I propose this as a thought experiment: Nature has solved this. How? Some lines of reasoning:

#1: The quantum interactions of electrons that are the basis for chemical bonds behave in ways our computers and intuition are incapable of simulating

#2 It's a matter of degree, not kind, and nature is more sophisticated than our computers, reasoning and thought processes.

#3 Nature is magic, whatever you define that to be

#4 When stipulating the degrees of freedom involved (ie from dihedral angles), the possibility of additional information we haven't discovered is being overlooked. Is there a recipe or algorithm that could help?

jhbadger · on Aug 2, 2022

#5 Proteins don't fold in isolation. We know some proteins need chaperone proteins to fold, for instance. Others form part of a complex. The problem can't be solved in the general case just based on the sequence of the protein you want to know the structure of. That's also a problem experimentally -- we don't know if the structure of a crystalized protein is really the biologically meaningful form.

GuB-42 · on Aug 2, 2022

I'd go with #1. Especially considering that there are quantum approaches to protein folding.

But nature hasn't really "solved" the problem, it is just doing its thing, but the way it does things is completely different from what our computers do.

It is like trying to reproduce a guitar sound using a synthesizer.

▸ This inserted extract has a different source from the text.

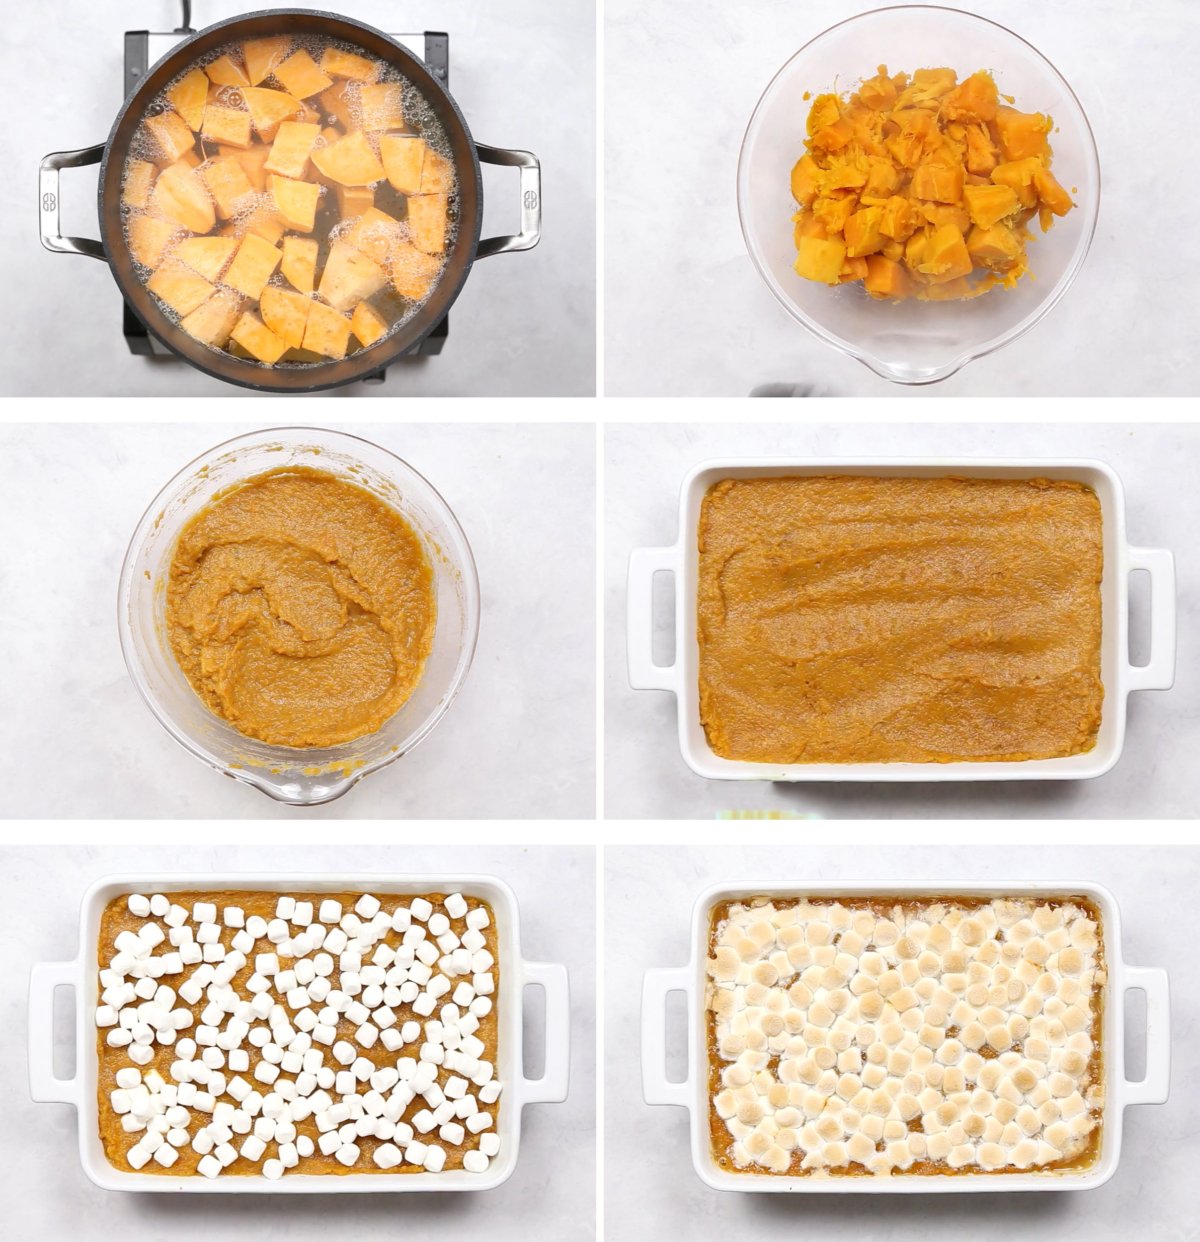 Images showing the process of making sweet potato casserole.
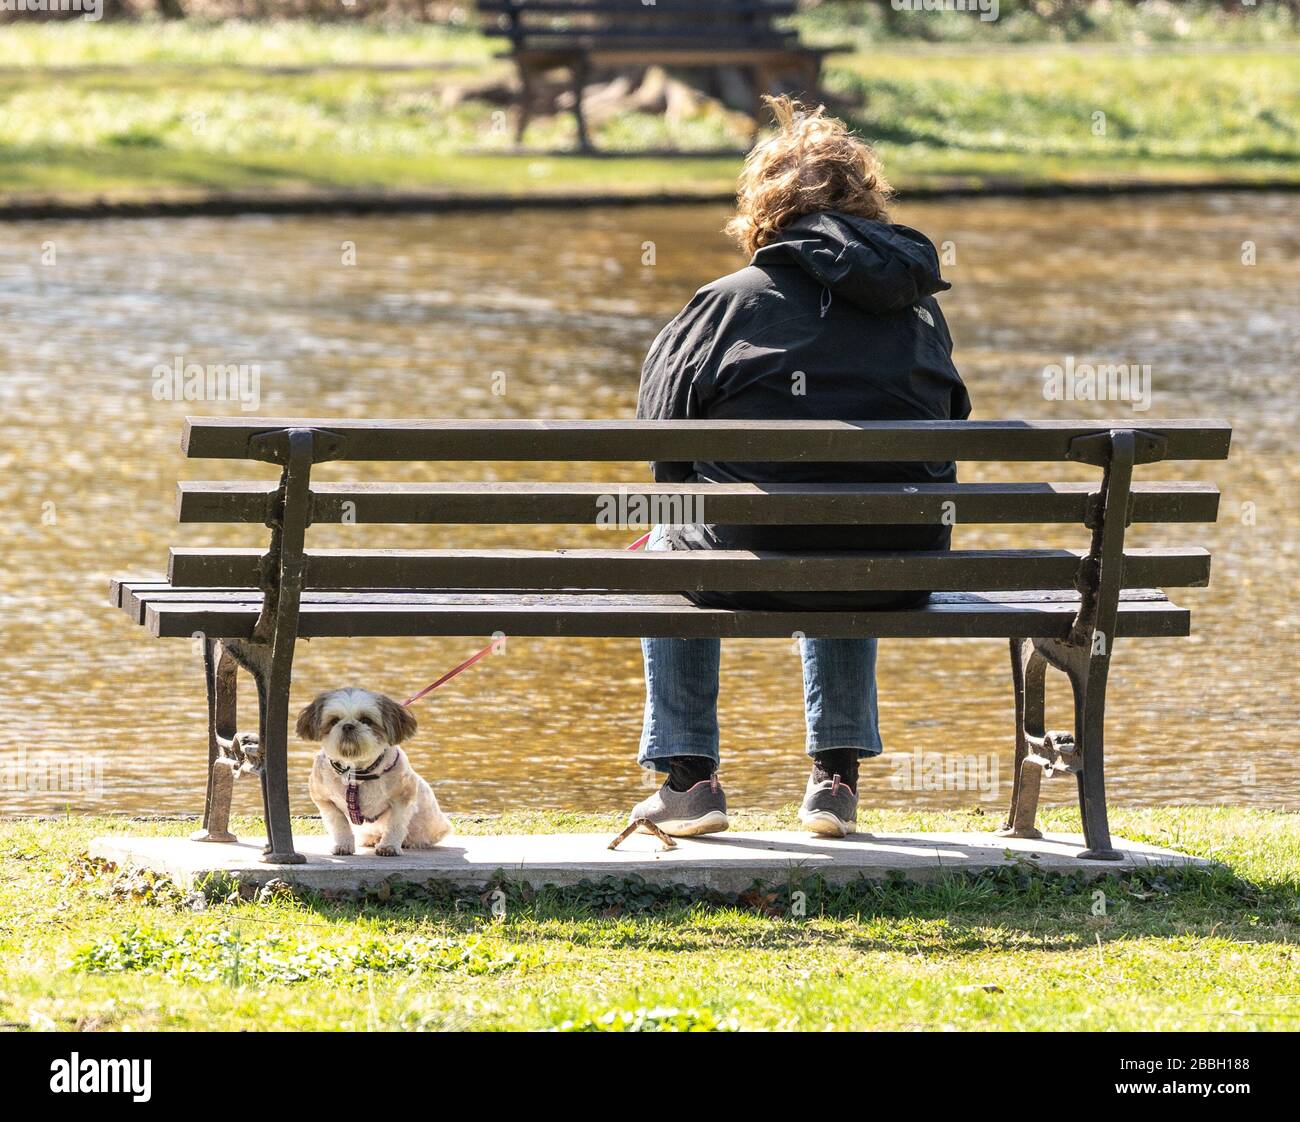 Berks County, Pennsylvania, USA-March 22, 2020: Senior woman sits on park bench next to pond with dog under the bench. Stock Photo

A guitar solves to problem of sounding like a guitar, but it doesn't mean it is more sophisticated than a synthesizer, in fact, a synthesizer can do much more, it is just that the process by which the guitar makes sounds are hard to simulate.

hexmiles · on Aug 2, 2022

Could not be just bruteforce? Nature operates on a much bigger temporal scale than us.

the__alchemist · on Aug 2, 2022

Could be! Are you thinking thermodynamic fluctuations from surrounding water molecules jostling things around into many combinations? In this view, do you think the final protein would be found by chance, or through intermediate assemblies?

simiones · on Aug 2, 2022

Isn't #1 the most likely, given that most quantum interactions take exponential time to simulate on classical computers with any known algorithm?

heavenlyblue · on Aug 2, 2022

Why did we escape the land of NP?

FartyMcFarter · on Aug 2, 2022

NP problems are ones whose positive solutions are verifiable in polynomial time.

For example, the problem "is there a route in this graph that visits all nodes and has length <= L" can be quickly verified with a classical computer, as long as you're given a "yes" answer accompanied by such a route. Finding the answer from scratch might be much slower, but checking it is quick.